After the events of Ruth 2:1-17, Ruth returns home with the grain she had obtained from her gleaning in the fields of Boaz. First, she gives the leftovers from her meal to Naomi to eat, and then Naomi, noticing how much she had brought back, asked her where she had been allowed to glean. Ruth tells her that she has been gleaning in the fields of Boaz, and Naomi is quite pleased.

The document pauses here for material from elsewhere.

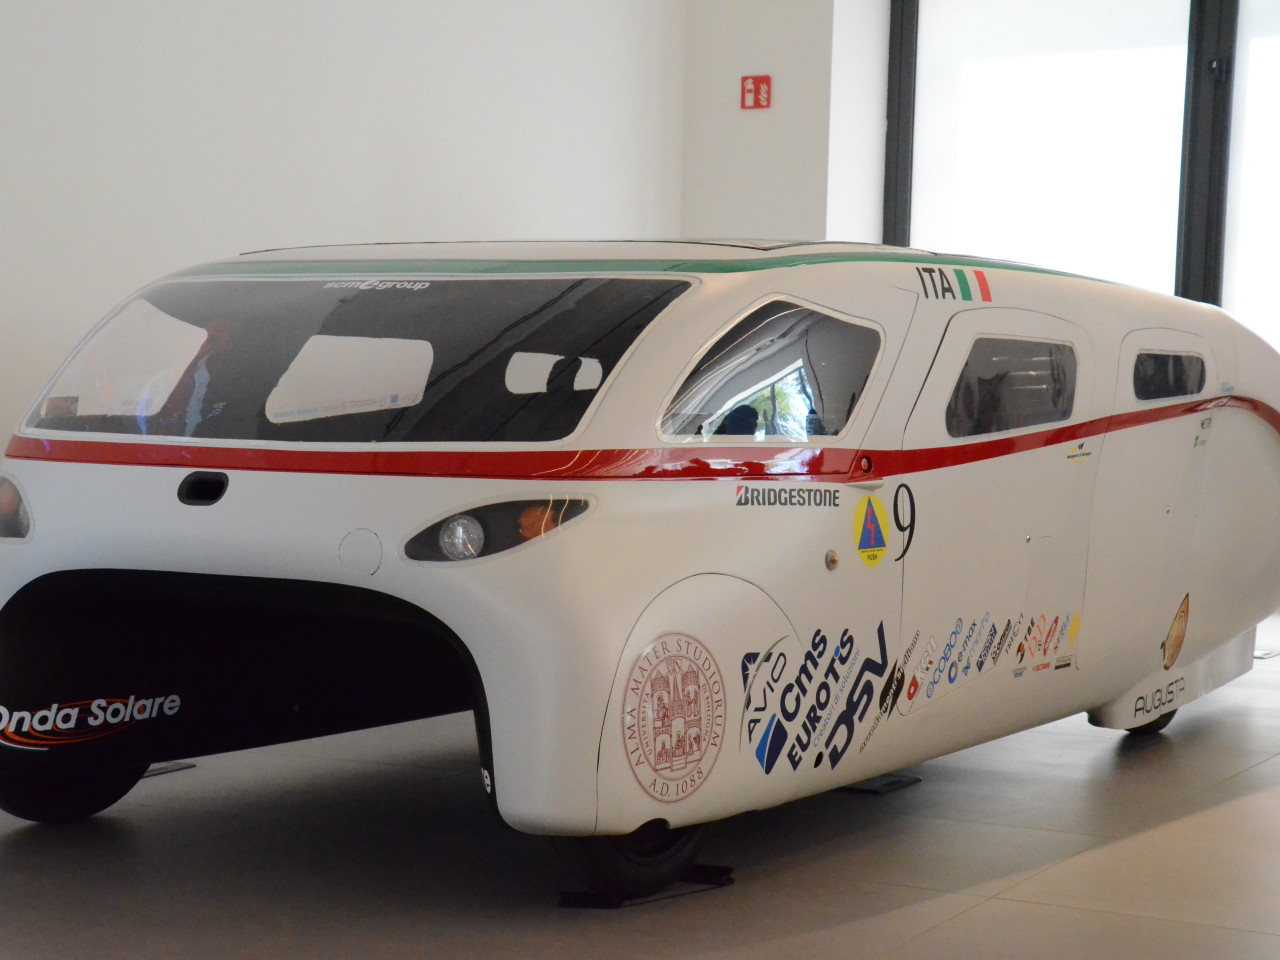 The solar electric vehicle Emilia 4
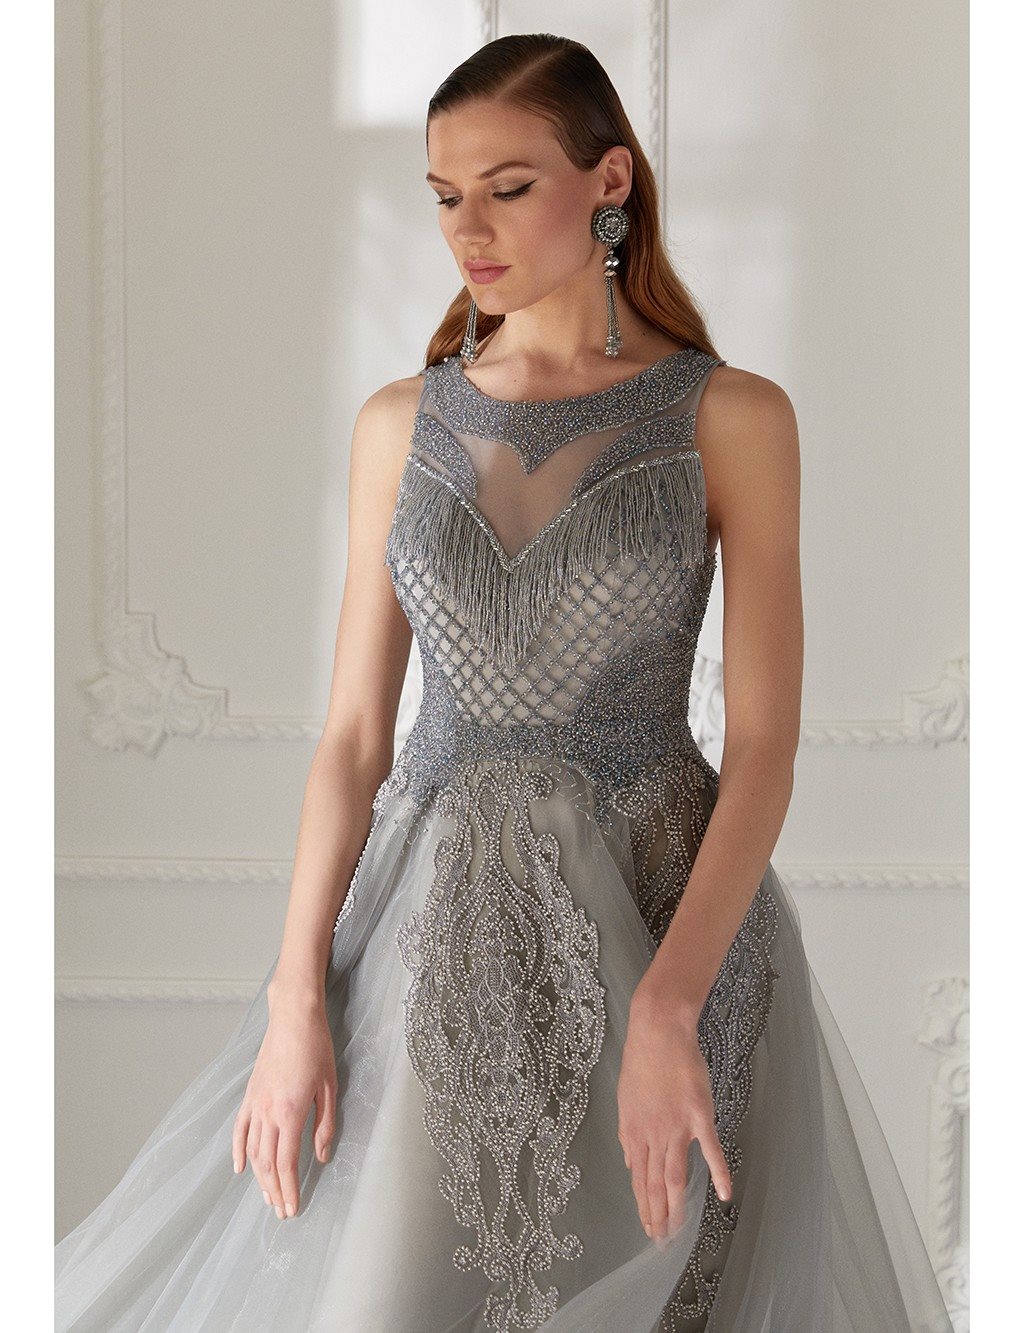 TIARA Tasseled, Embroidered Evening Dress B9 26096 Blue Granite

Naomi knows that Boaz is a kinsman-redeemer, which comes from the Hebrew word ga’al which means “kinsman-redeemer”, rendered by the NIV as “guardian-redeemer”. A kinsman-redeemer is a relative who is obligated to “redeem” the property, and sometimes the life or marriage, of a relation who has fallen into severe distress. For example, if there is real property that is owned by a widow, the kinsman-redeemer might buy that property so that the widow, who couldn’t farm it herself, has an income to live off of. They might also pay off a mortgage, take the person into their household, or marry a brother’s wife if they have no children so that the brother can live on through the children. In the case of Boaz, he was a kinsman-redeemer for Naomi, since he is related to her husband. In the case of Ruth, he is a relative of her husband as well, but the fact that Ruth is a Moabite would give Boaz an “out” if he wished to avoid his responsibilities to the family. Finally, we must remind ourselves that there had been a famine in the land 10 years earlier, and we do not know how long it lasted. A famine in the Promised Land would tell us that God’s Law was not being obeyed in that generation, thus Boaz may or may not be the kind of man who would honor this obligation. Naomi seems to think that he will do his duty, based upon Ruth’s report.
As a result of all of this, Naomi advises Ruth to continue gleaning in Boaz’ field, and to visit no others, since Boaz has decided to see to her safety… and that is exactly what Ruth did.